» **THE TASK**:
Only the pictures are to be dropped, and the rest of the data should be copied exactly.

» **PROVIDED DATA**:
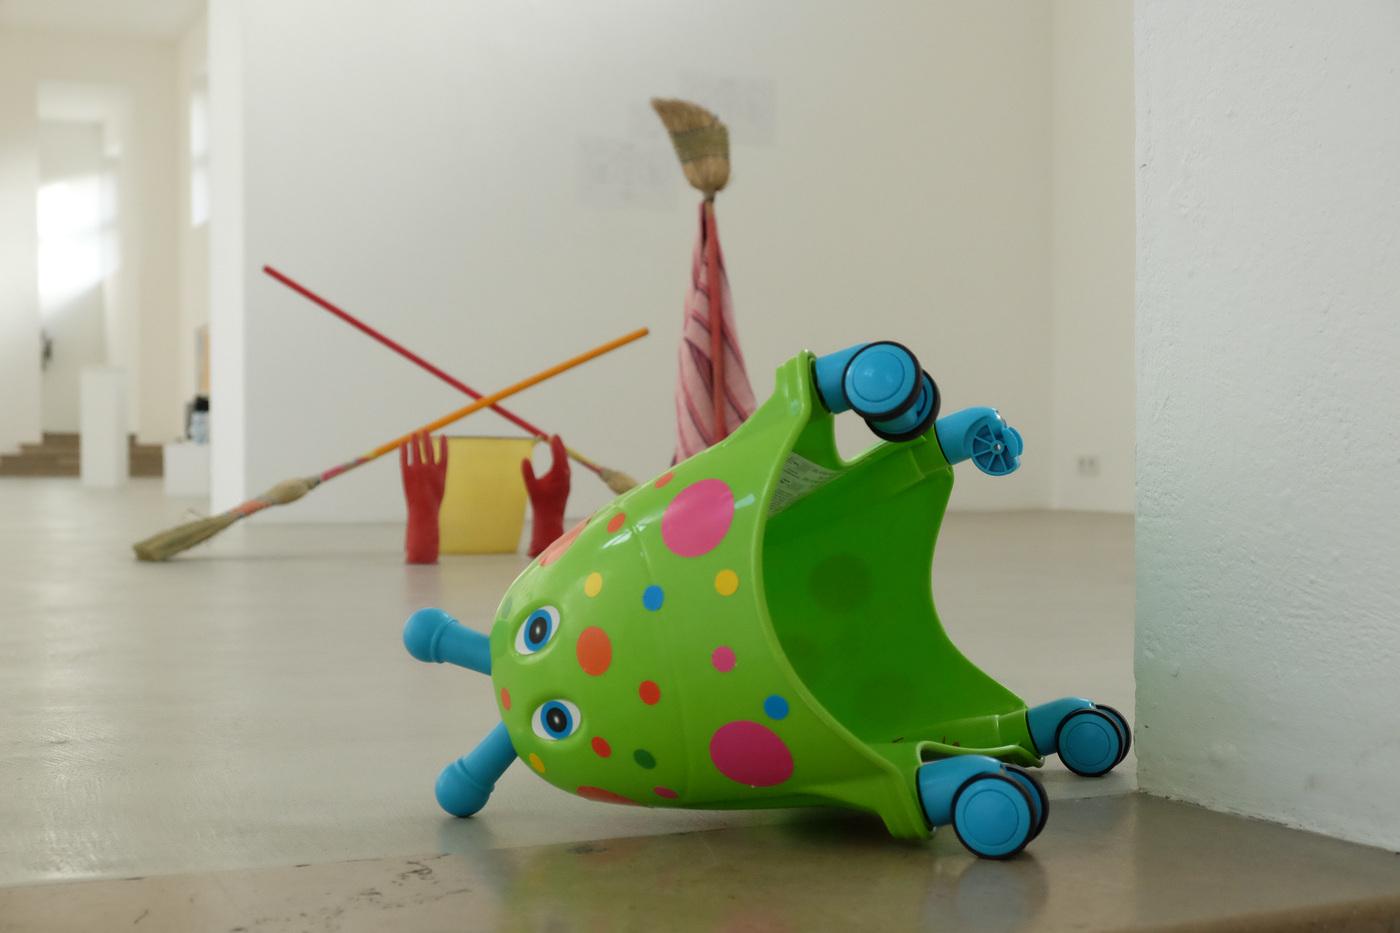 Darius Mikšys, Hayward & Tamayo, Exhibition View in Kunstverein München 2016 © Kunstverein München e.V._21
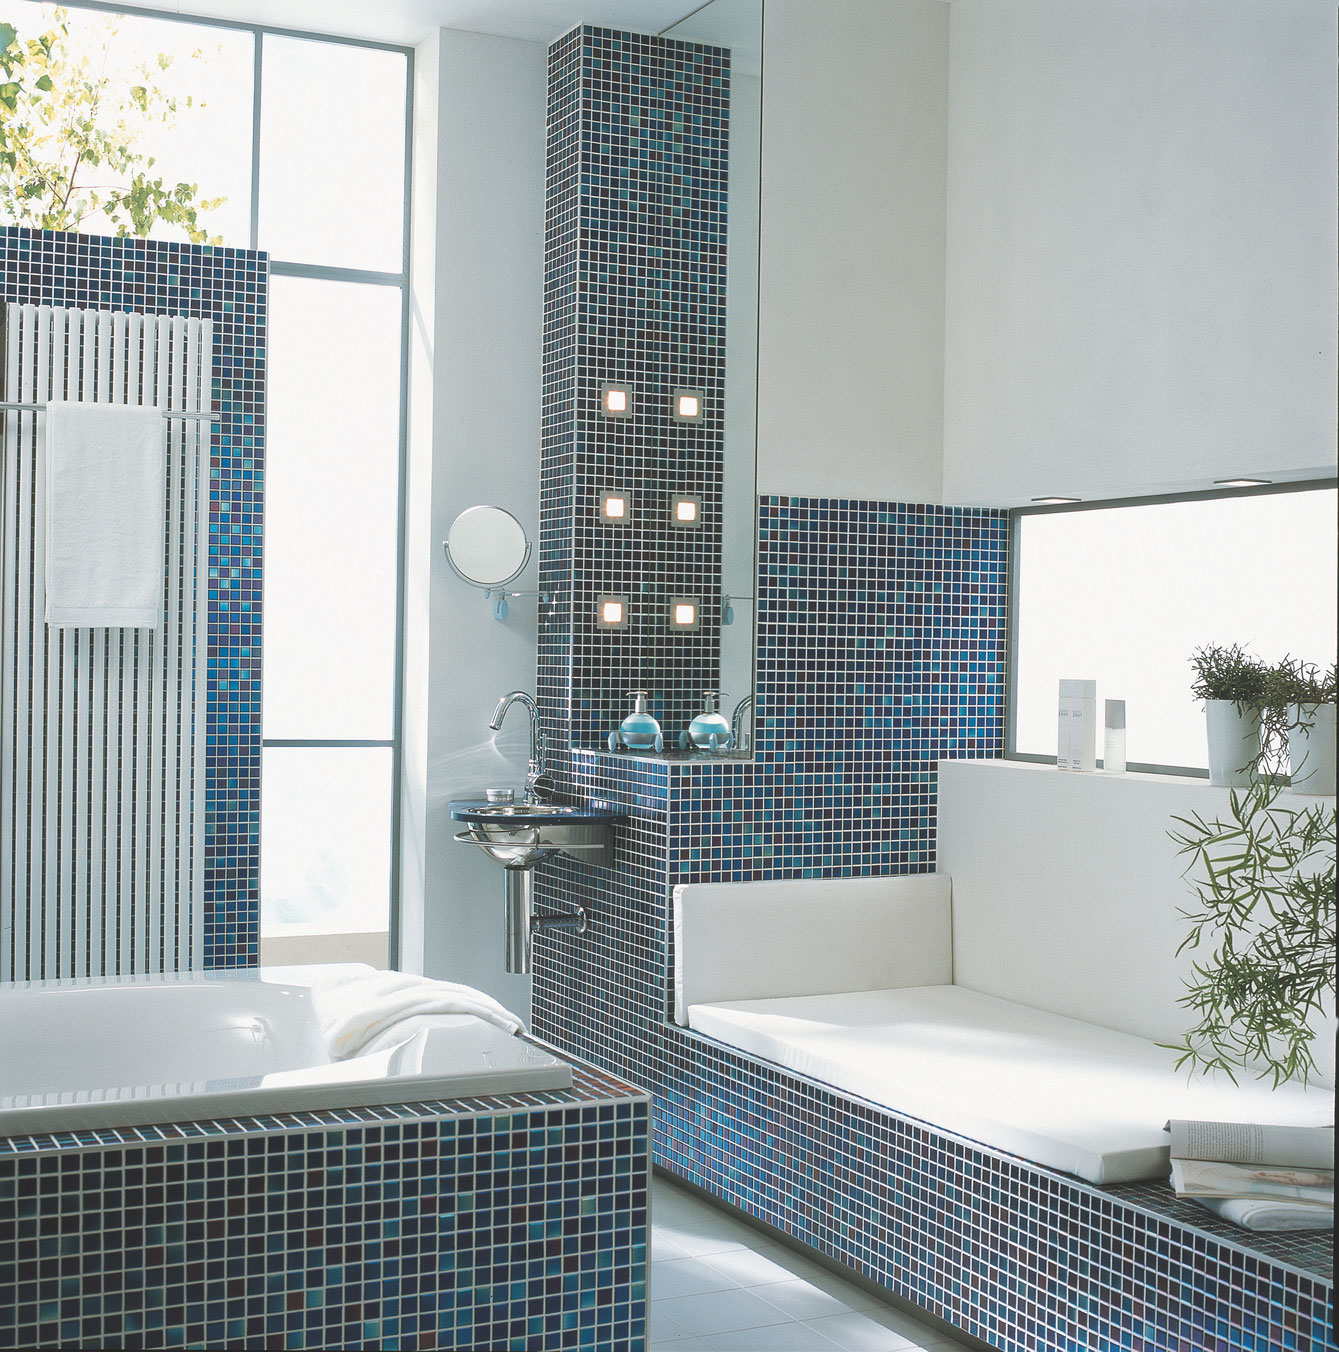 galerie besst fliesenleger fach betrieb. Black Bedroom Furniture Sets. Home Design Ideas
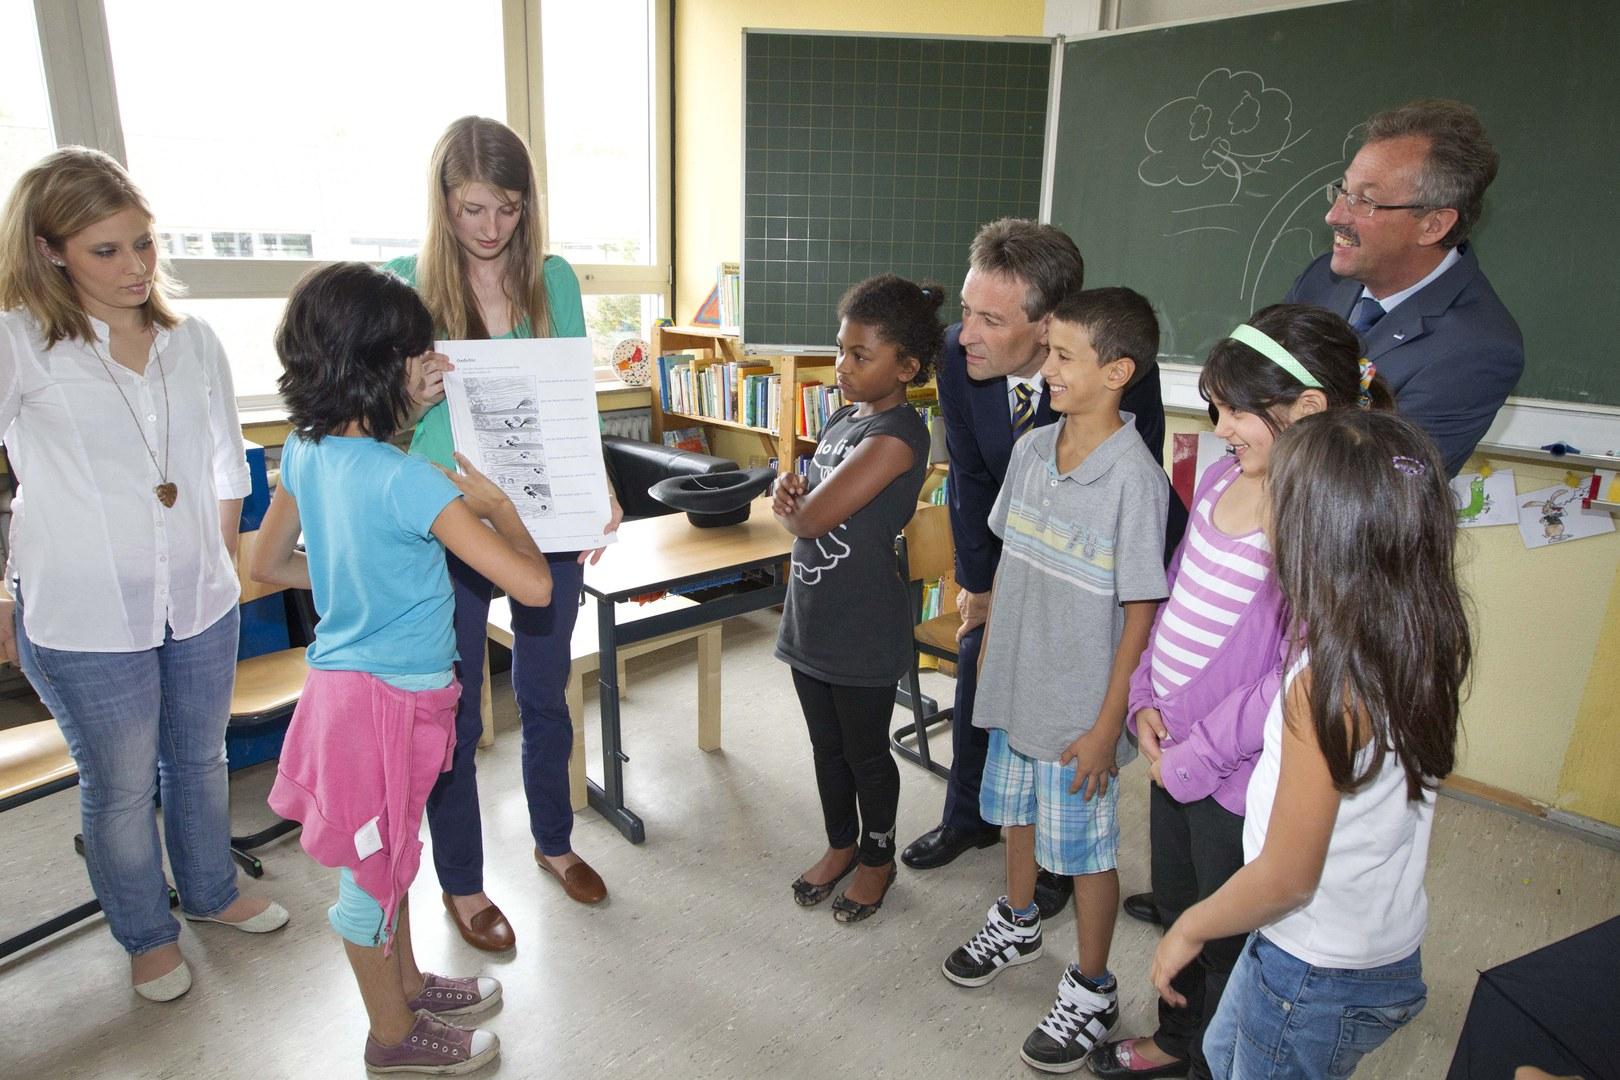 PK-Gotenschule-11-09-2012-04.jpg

» **YOUR SOLUTION**:
 Darius Mikšys, Hayward & Tamayo, Exhibition View in Kunstverein München 2016 © Kunstverein München e.V._21
 galerie besst fliesenleger fach betrieb. Black Bedroom Furniture Sets. Home Design Ideas
 PK-Gotenschule-11-09-2012-04.jpg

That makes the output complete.